▶ WHAT TO DO:
Pictures are to be left out, but please repeat each record exactly.

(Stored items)
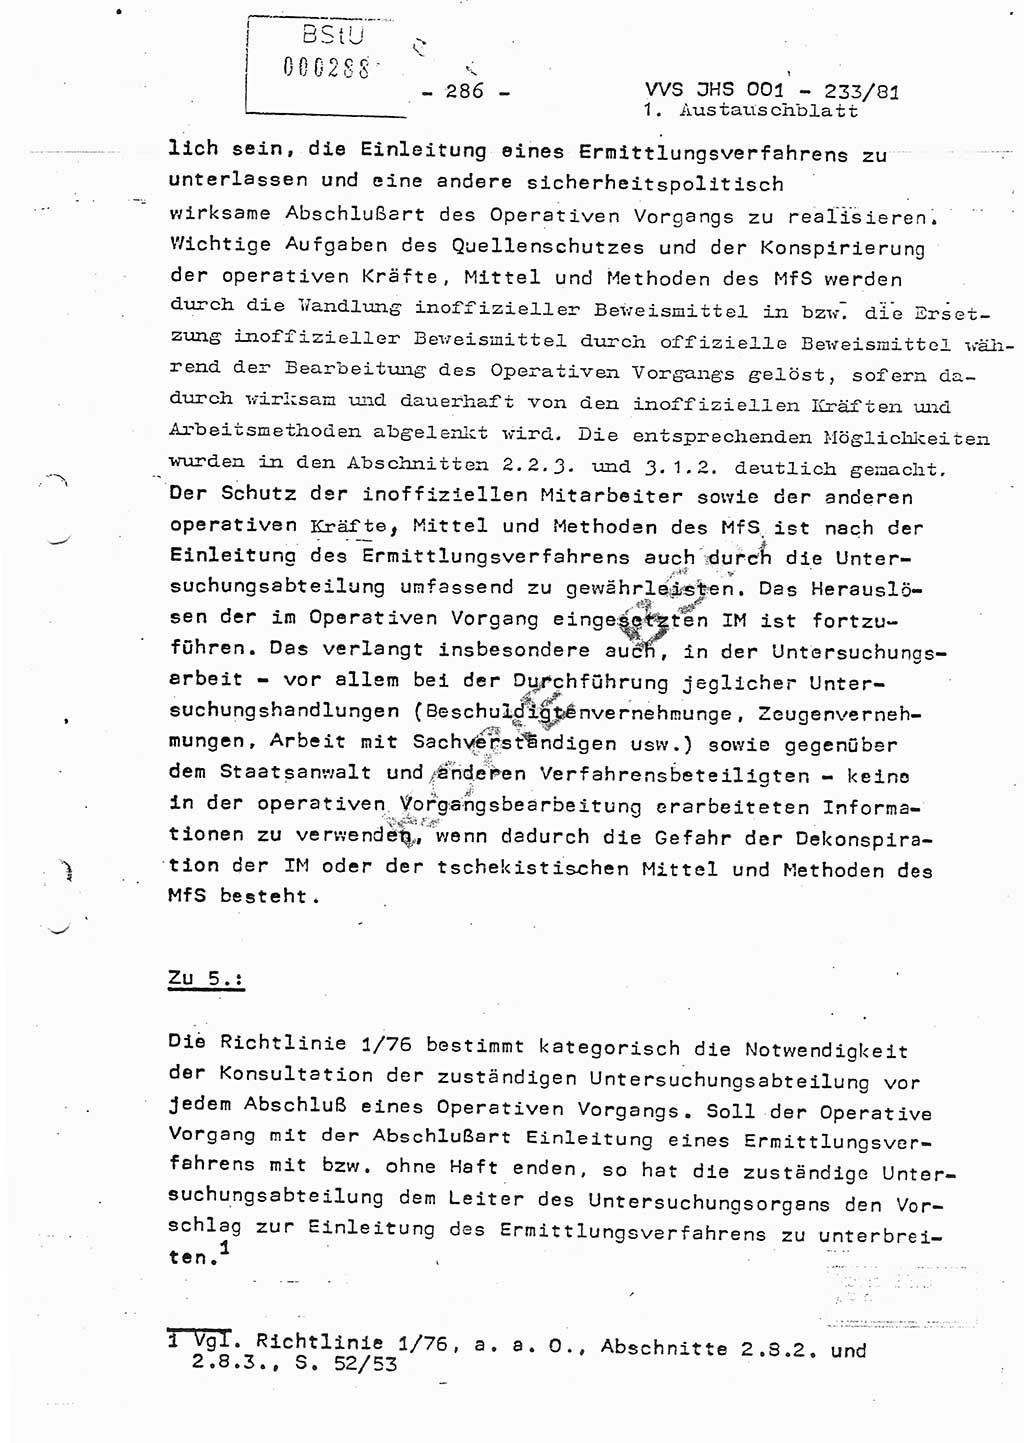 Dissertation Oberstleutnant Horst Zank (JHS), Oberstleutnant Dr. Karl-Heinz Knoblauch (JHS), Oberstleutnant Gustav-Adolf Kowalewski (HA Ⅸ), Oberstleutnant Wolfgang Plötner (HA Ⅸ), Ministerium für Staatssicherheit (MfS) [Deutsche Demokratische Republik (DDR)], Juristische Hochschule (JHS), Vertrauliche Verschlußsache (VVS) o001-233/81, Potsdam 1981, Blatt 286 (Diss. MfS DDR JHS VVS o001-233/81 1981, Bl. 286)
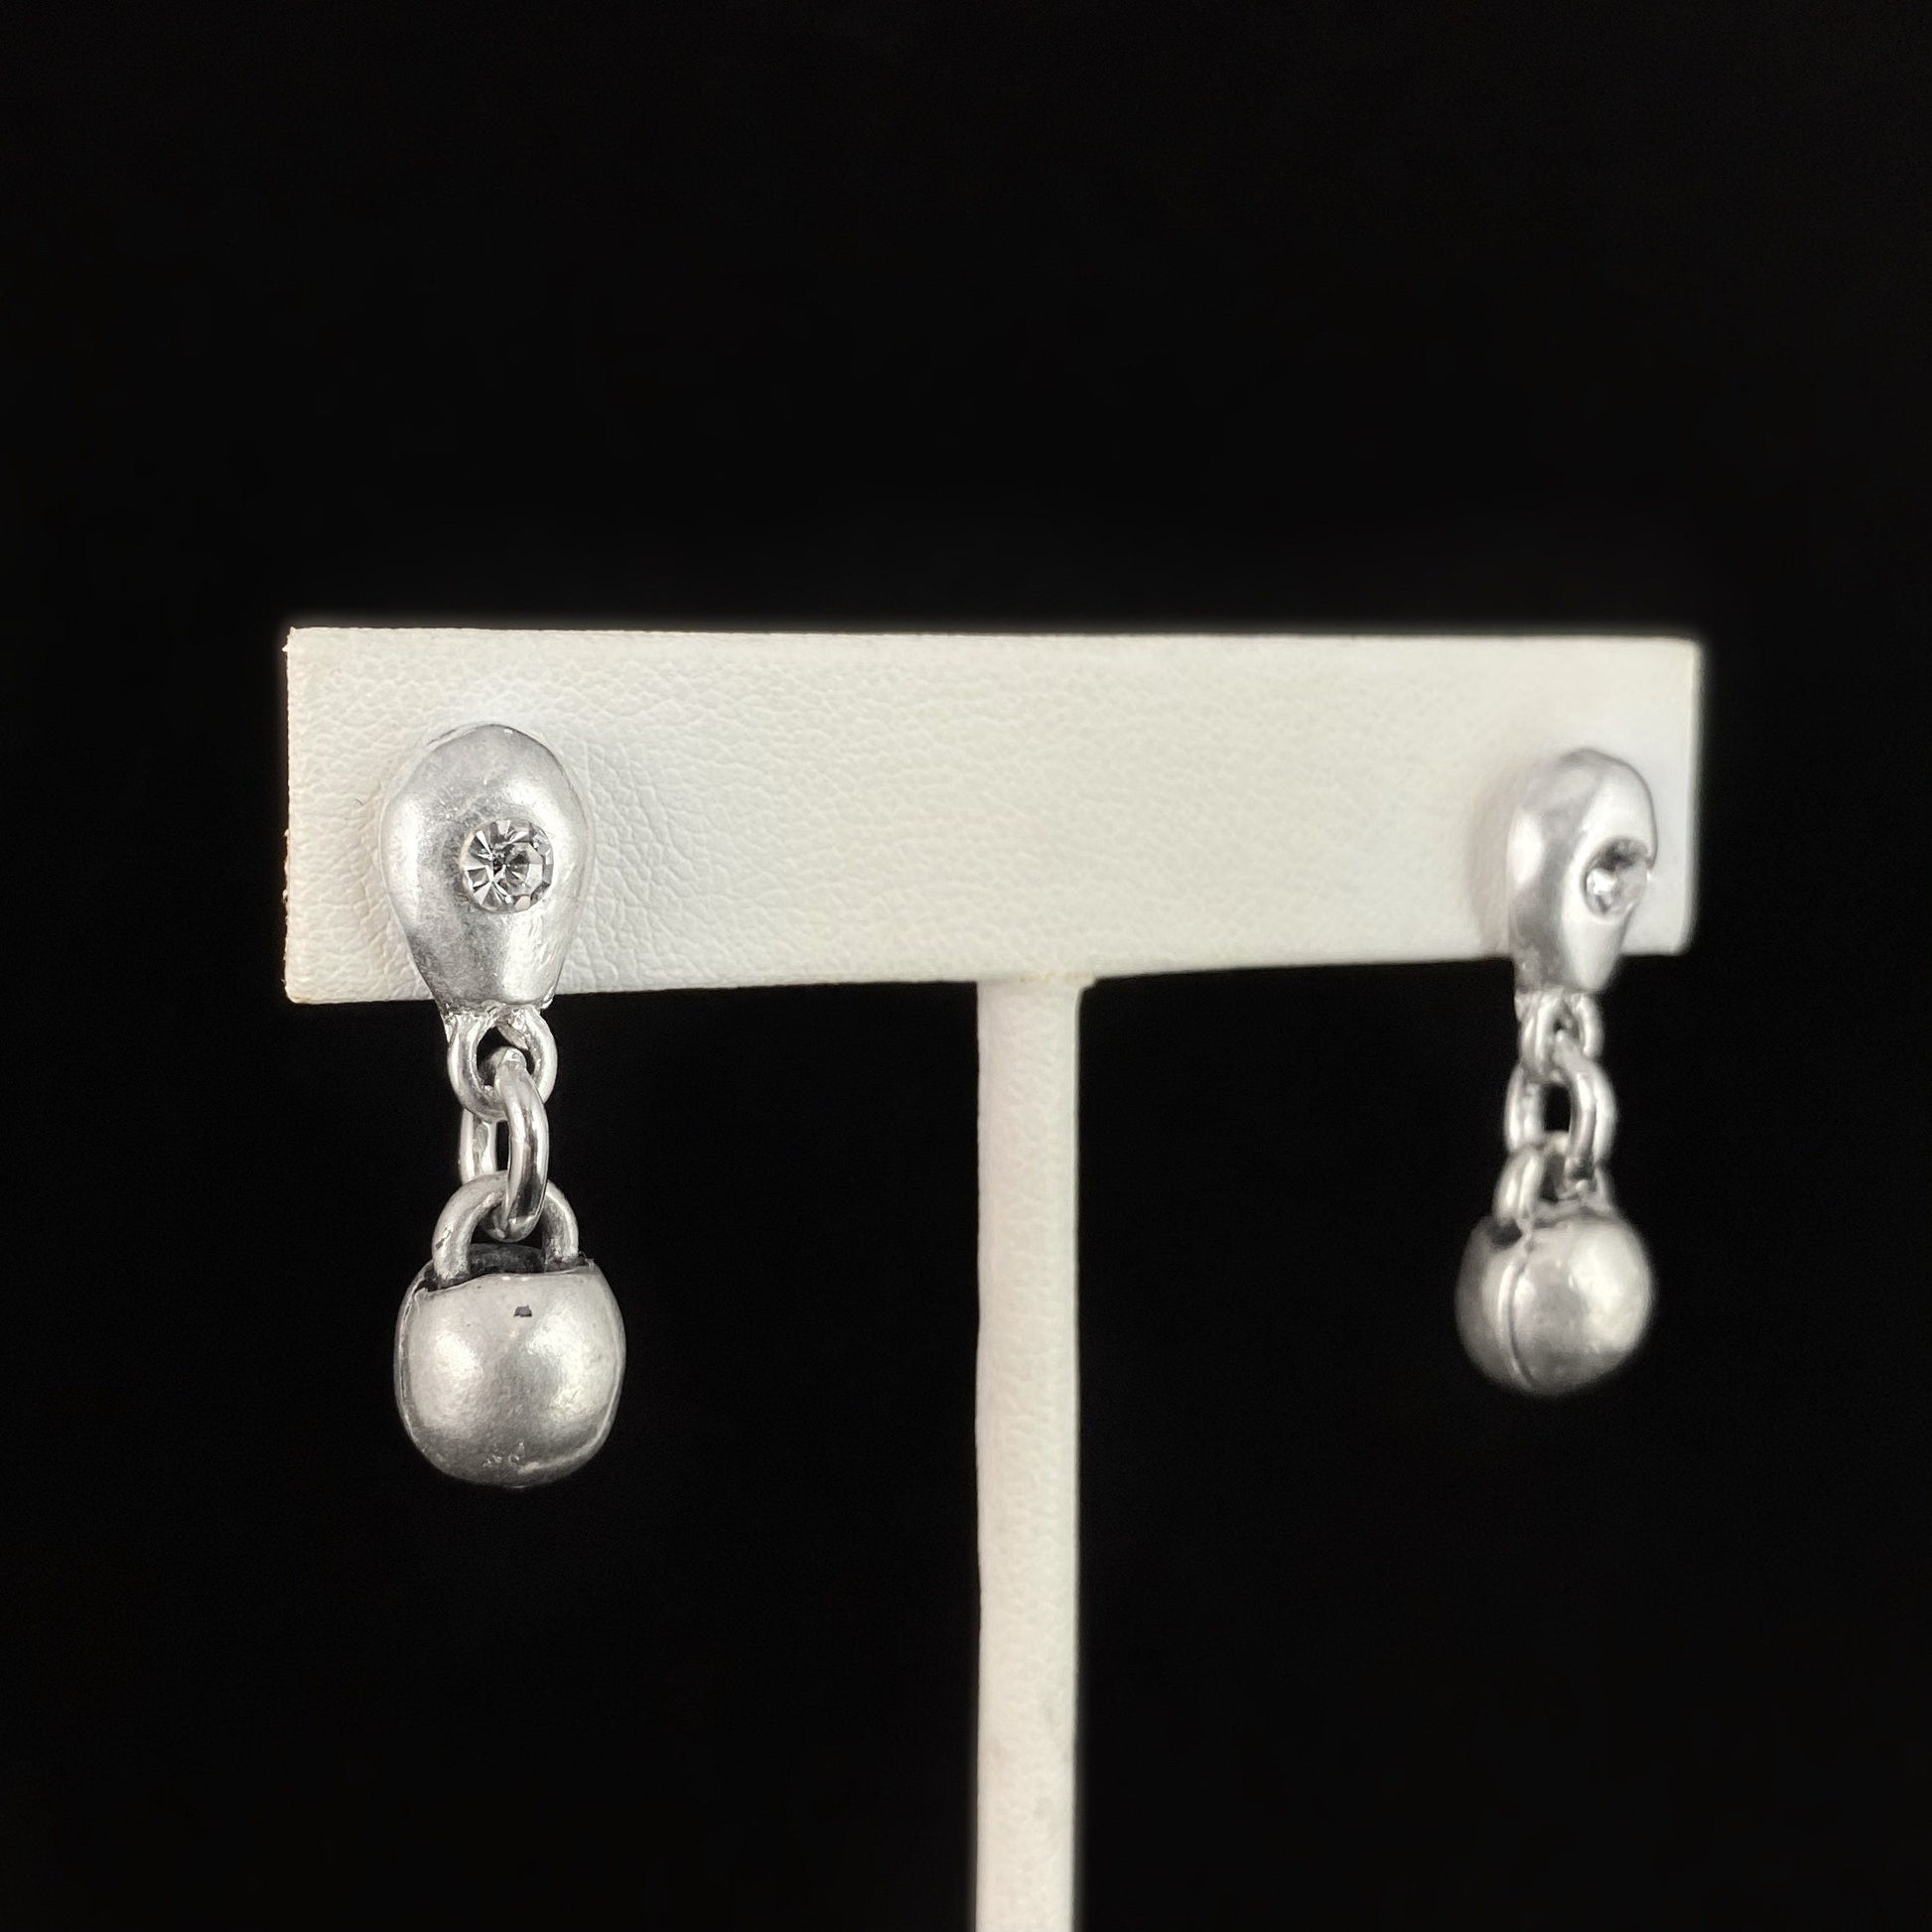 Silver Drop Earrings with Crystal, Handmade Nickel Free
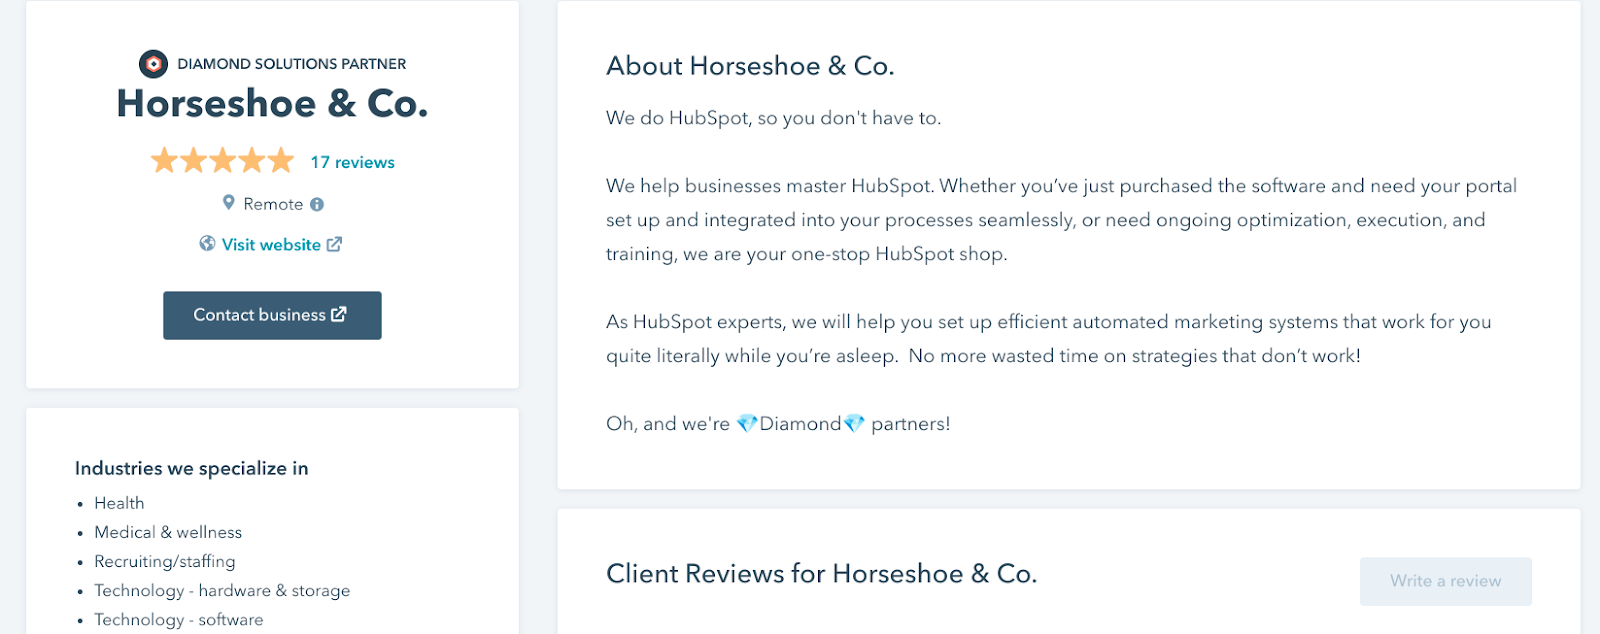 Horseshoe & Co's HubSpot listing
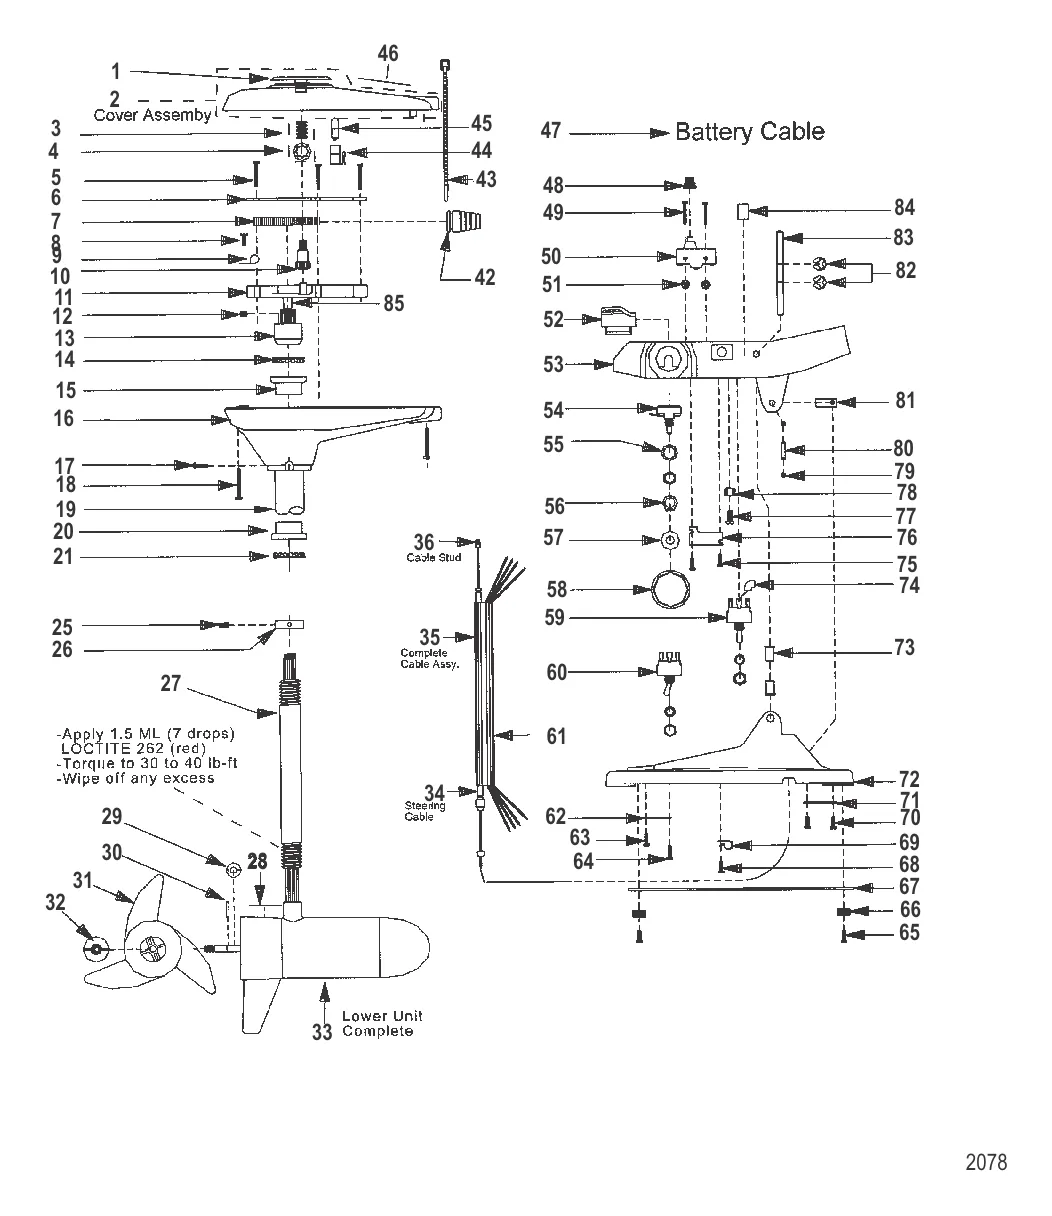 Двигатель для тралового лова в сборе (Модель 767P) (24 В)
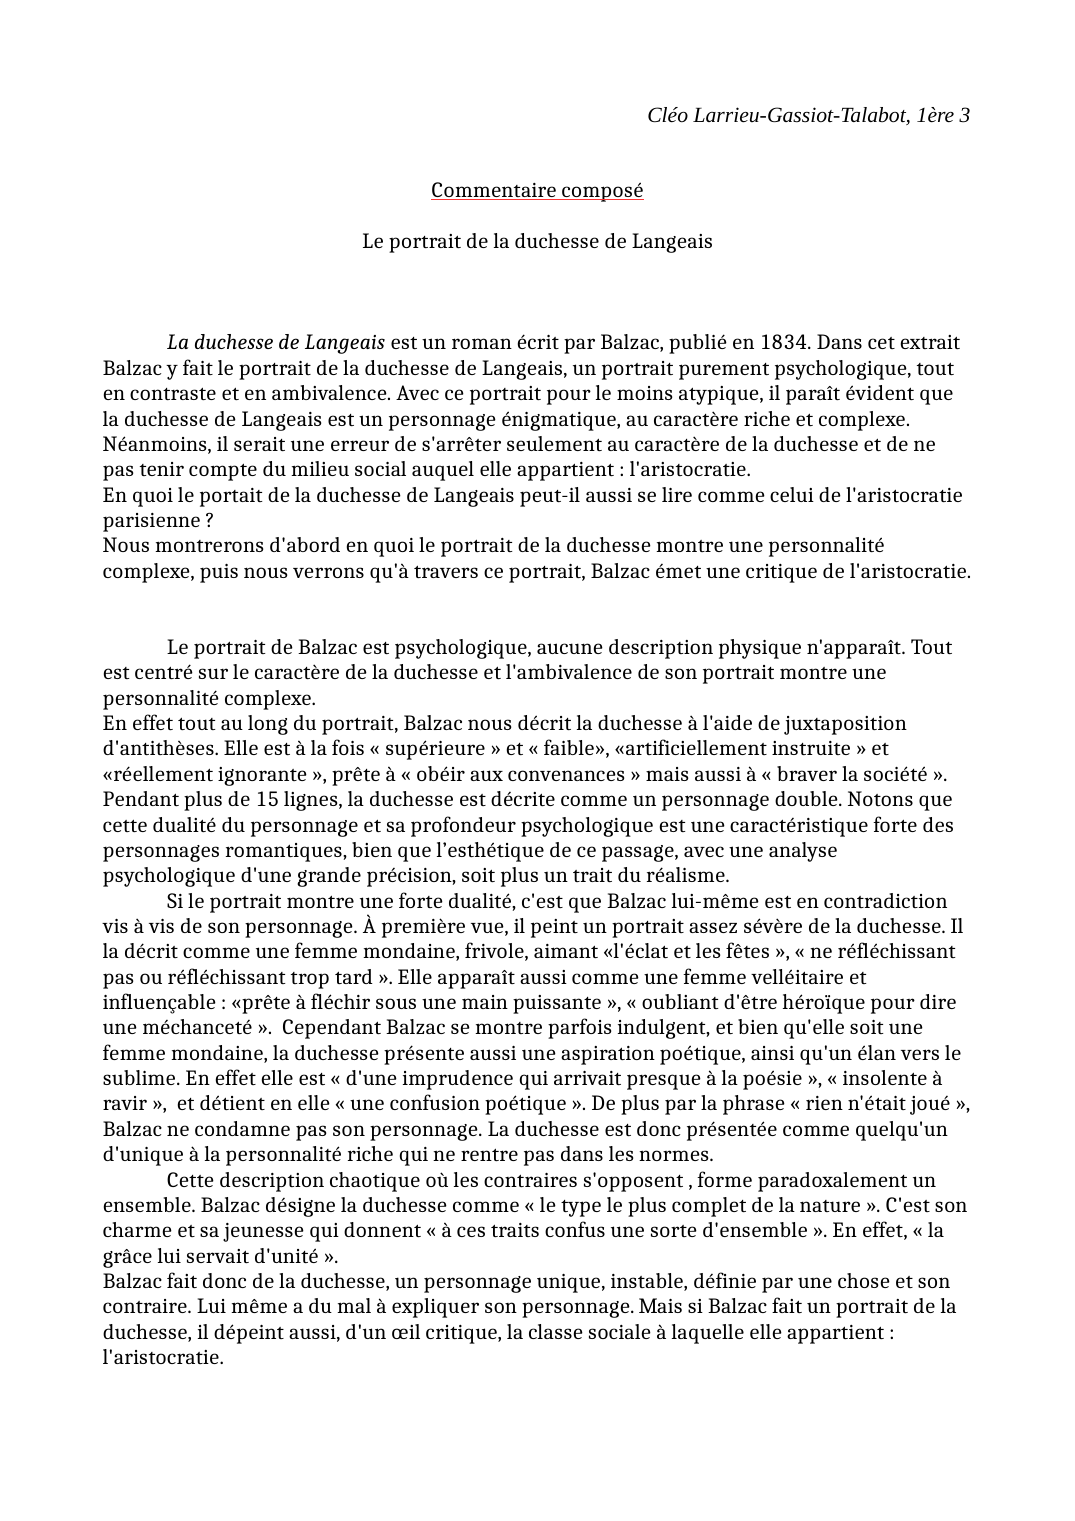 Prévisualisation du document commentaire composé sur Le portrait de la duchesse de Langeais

▶ THE COMPLETED TASK:
 Dissertation Oberstleutnant Horst Zank (JHS), Oberstleutnant Dr. Karl-Heinz Knoblauch (JHS), Oberstleutnant Gustav-Adolf Kowalewski (HA Ⅸ), Oberstleutnant Wolfgang Plötner (HA Ⅸ), Ministerium für Staatssicherheit (MfS) [Deutsche Demokratische Republik (DDR)], Juristische Hochschule (JHS), Vertrauliche Verschlußsache (VVS) o001-233/81, Potsdam 1981, Blatt 286 (Diss. MfS DDR JHS VVS o001-233/81 1981, Bl. 286)
 Silver Drop Earrings with Crystal, Handmade Nickel Free
 Horseshoe & Co's HubSpot listing
 Двигатель для тралового лова в сборе (Модель 767P) (24 В)
 Prévisualisation du document commentaire composé sur Le portrait de la duchesse de Langeais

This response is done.